__How to complete this task__.
Produce a word-for-word copy of the data that follows, excluding images.

__Provided data__.
_ _ _ _ _ _ _

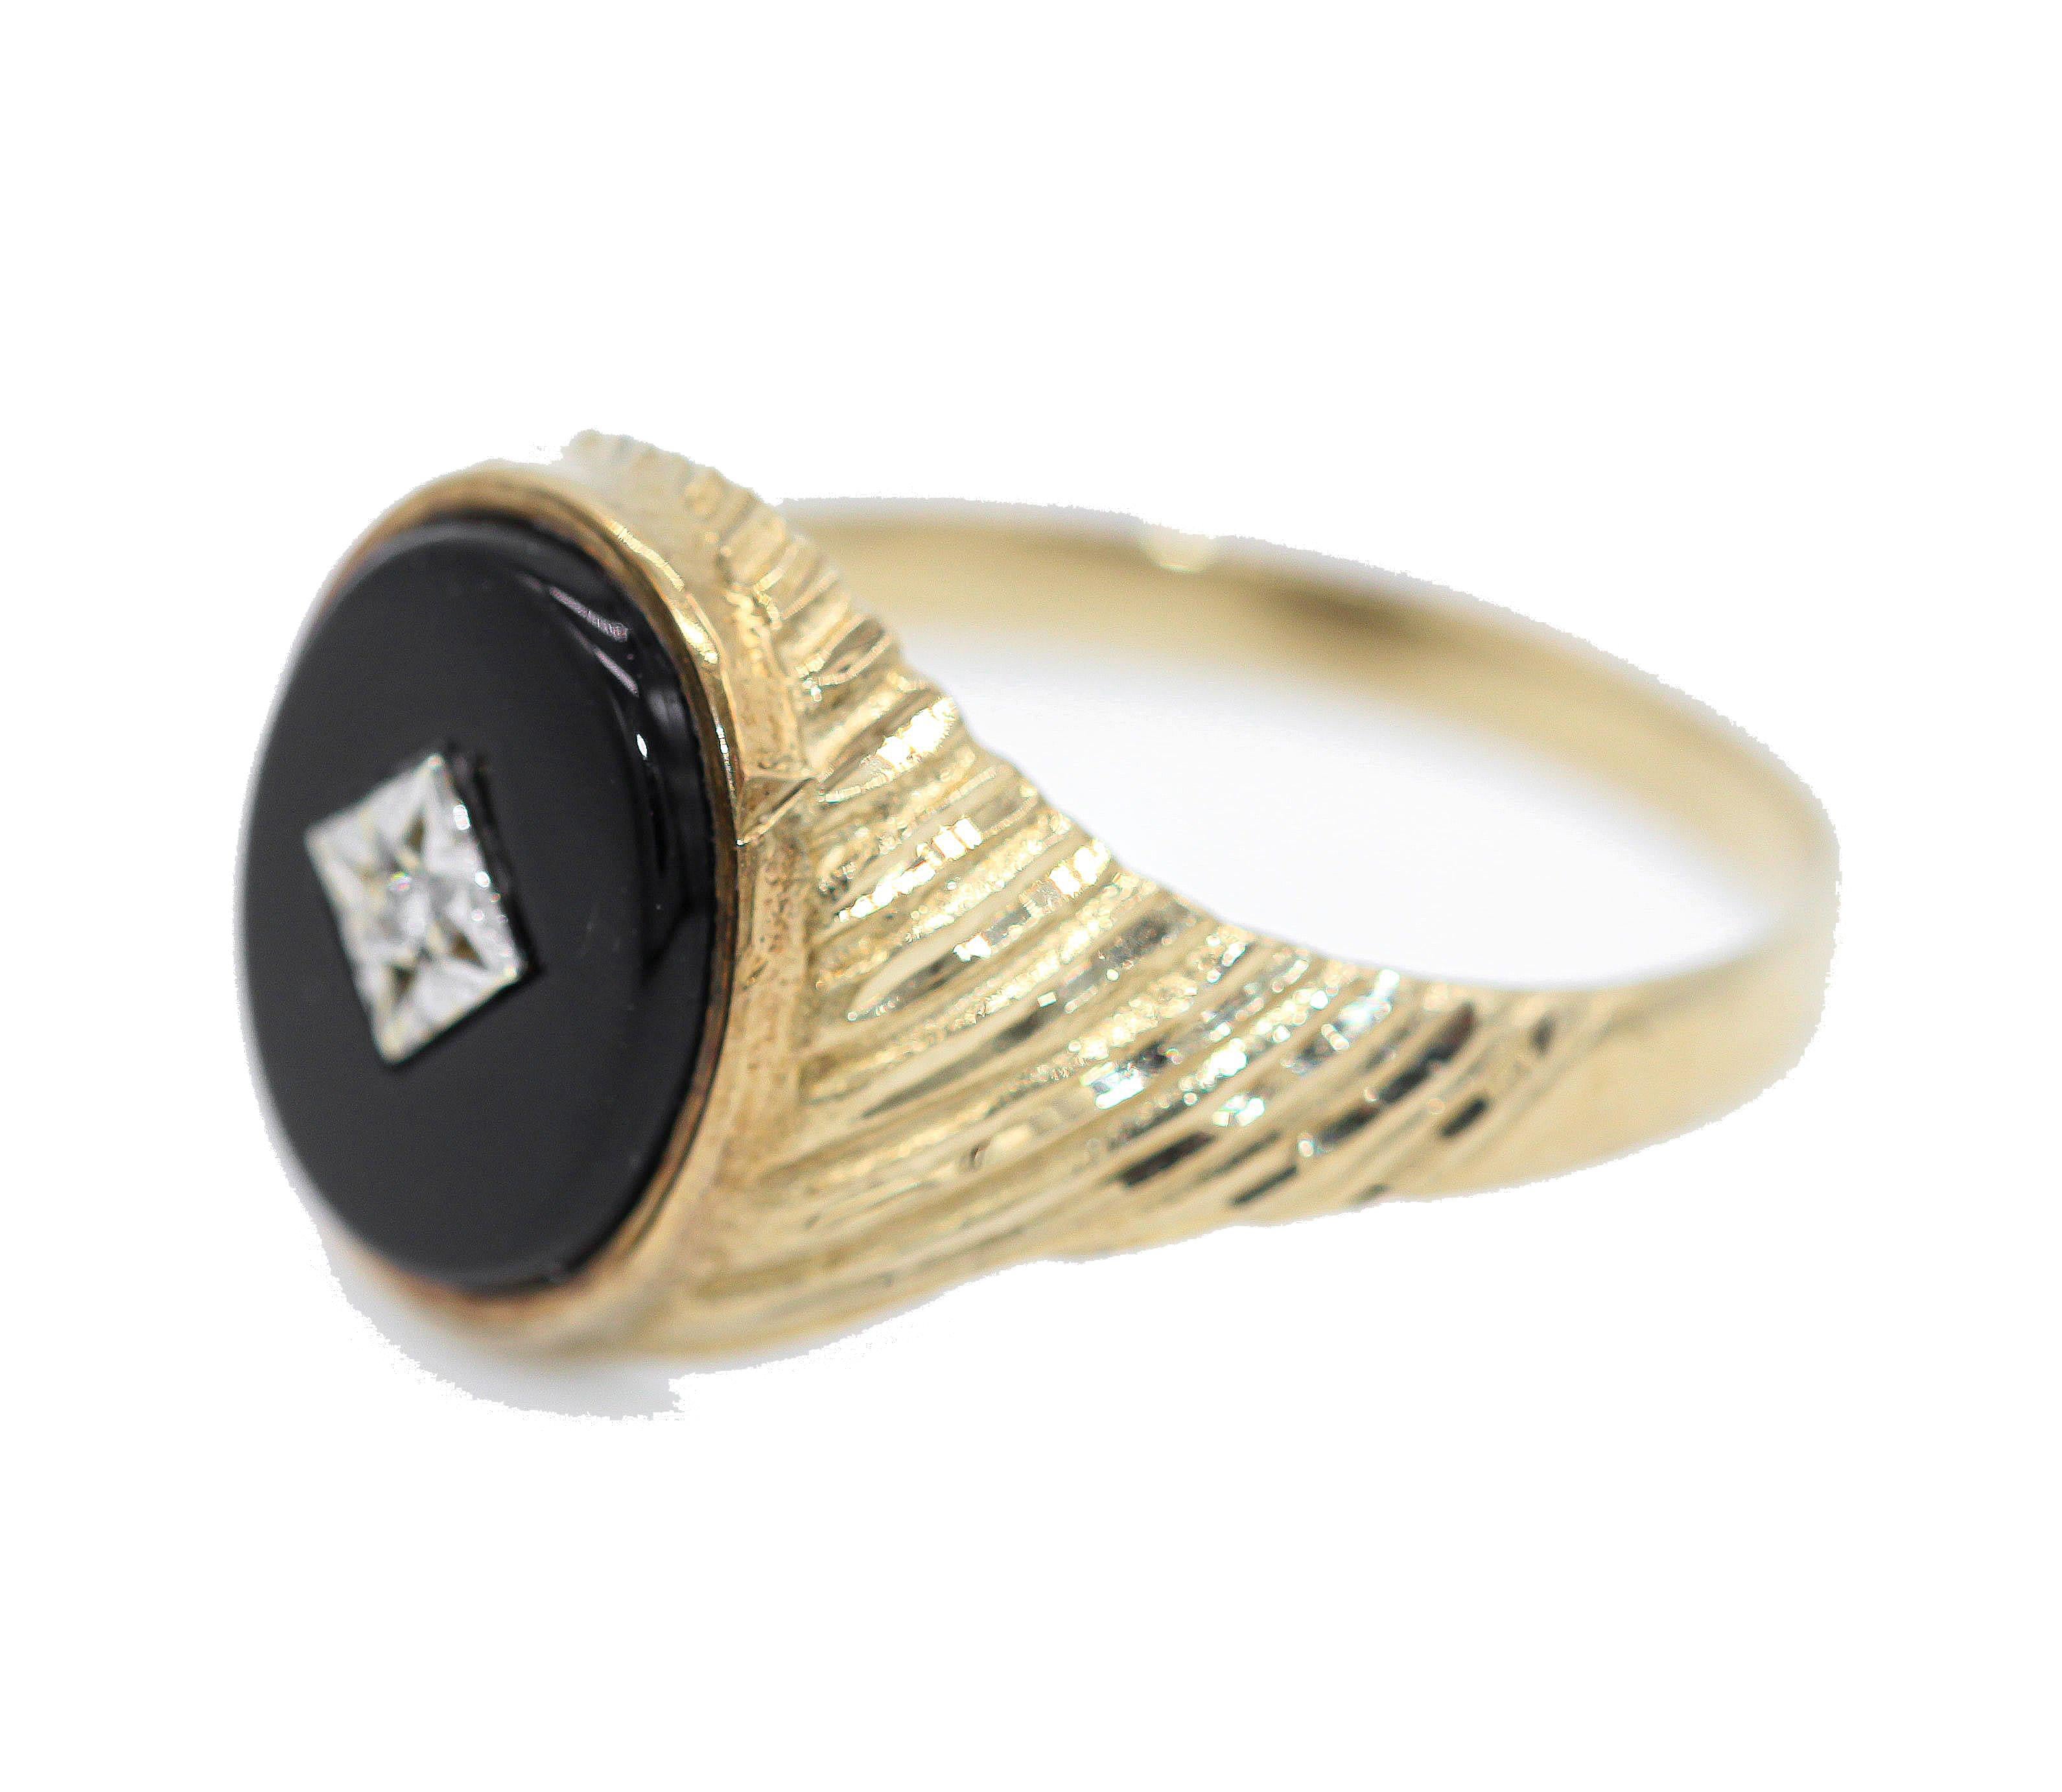  A 9 kt Yellow Gold, Onyx and Diamond Gentleman's Signet Ring with Oval Face. The central diamond in a square white gold setting on a black onyx oval and with ridged shoulders.
Hallmarked Birmingham 1964
UK  Size  X
USA  Size  12.5

_ _ _ _ _ _ _

__Finished task__.
  A 9 kt Yellow Gold, Onyx and Diamond Gentleman's Signet Ring with Oval Face. The central diamond in a square white gold setting on a black onyx oval and with ridged shoulders.
Hallmarked Birmingham 1964
UK  Size  X
USA  Size  12.5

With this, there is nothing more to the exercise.